Dans ce colloque, nous aimerions explorer, dans les représentations culturelles et littéraires, dans les textes historiques et les récits de voyage, les liens entre « silence et violence » dans le contexte du Nord et de l’Arctique. Nous pensons notamment, mais non exclusivement :

• Au silence du Nord comme valeur d’imposition morale

• À l’absence ou à la rareté de paroles, qui peut conduire à la violence

• À la « loi du silence » dans les petites communautés qui peut cacher la violence faite aux plus vulnérables

• À la « mise sous silence » historique de certaines cultures, à la fois autochtones et allochtones, d’un point de vue colonial

• Au choix du silence individuel, face à la pression de la normalisation sociale nordique.

Conformément à la programmation scientifique du Laboratoire international de recherche sur l’imaginaire du Nord, de l’hiver et de l’Arctique, nous concevons le « Nord » dans son sens large et circumpolaire, qui inclut toutes les cultures froides autour du pôle, y compris les cultures autochtones.

Cet appel à communication s’adresse aux professeurs, chercheurs et étudiants des cycles supérieurs en sciences humaines et en arts, ainsi qu’aux artistes et écrivains. Les présentations, d’une durée de 20 minutes, devront être faites en anglais. Les propositions seront reçues jusqu’au 5 octobre 2022, par courriel, à l’adresse imaginairedunord@uqam.ca.

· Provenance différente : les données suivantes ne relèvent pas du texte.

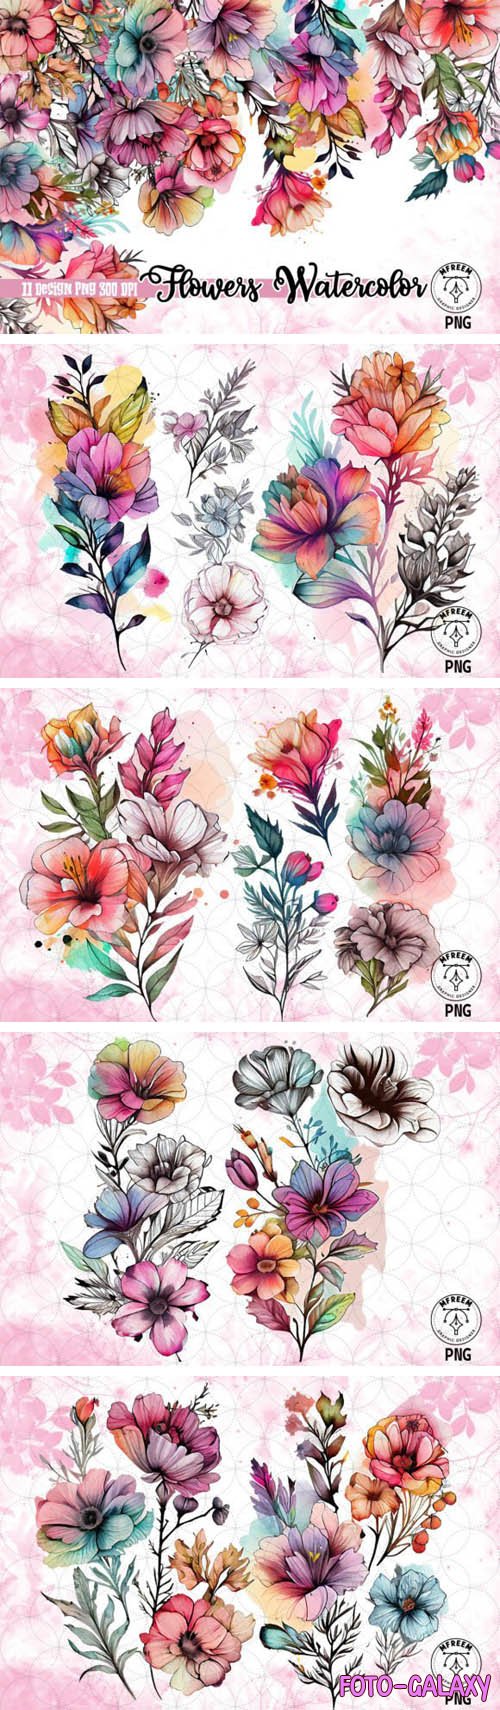 Watercolor Flowers PNG Clipart

Elles devront être composées du titre de la conférence, d’un descriptif de 10 à 20 lignes, du nom du conférencier ou de la conférencière, de son affiliation institutionnelle et de son statut, ainsi que de son adresse postale et de son courriel. Une réponse sera rendue avant le 15 octobre 2022. Les frais de déplacement et de séjour devront être pris en charge par les participants.

On peut réserver une chambre à booking@hotelbrandan.fo avec ce numéro de réservation: 390633.


Cet événement est le 17e colloque international organisé par le Laboratoire international de recherche sur l’imaginaire du Nord, de l’hiver et de l’Arctique de l’Université du Québec à Montréal.

À l’issue du colloque, les participants seront invités à soumettre un article pour une publication prévue.

Le colloque est organisé par Malan Marnersdóttir (Université des Îles Féroé) et Daniel Chartier (Université du Québec à Montréal).

Nous remercions le Conseil nordique des ministres, le Ministère québécois des Relations internationales et de la Francophonie, le Belmont Forum et le projet « NICH-Arctic », l’Université du Québec à Montréal, d’Énergir et le Centre de recherche interuniversitaire sur la littérature et la culture québécoises pour leur soutien à l’organisation de ce colloque.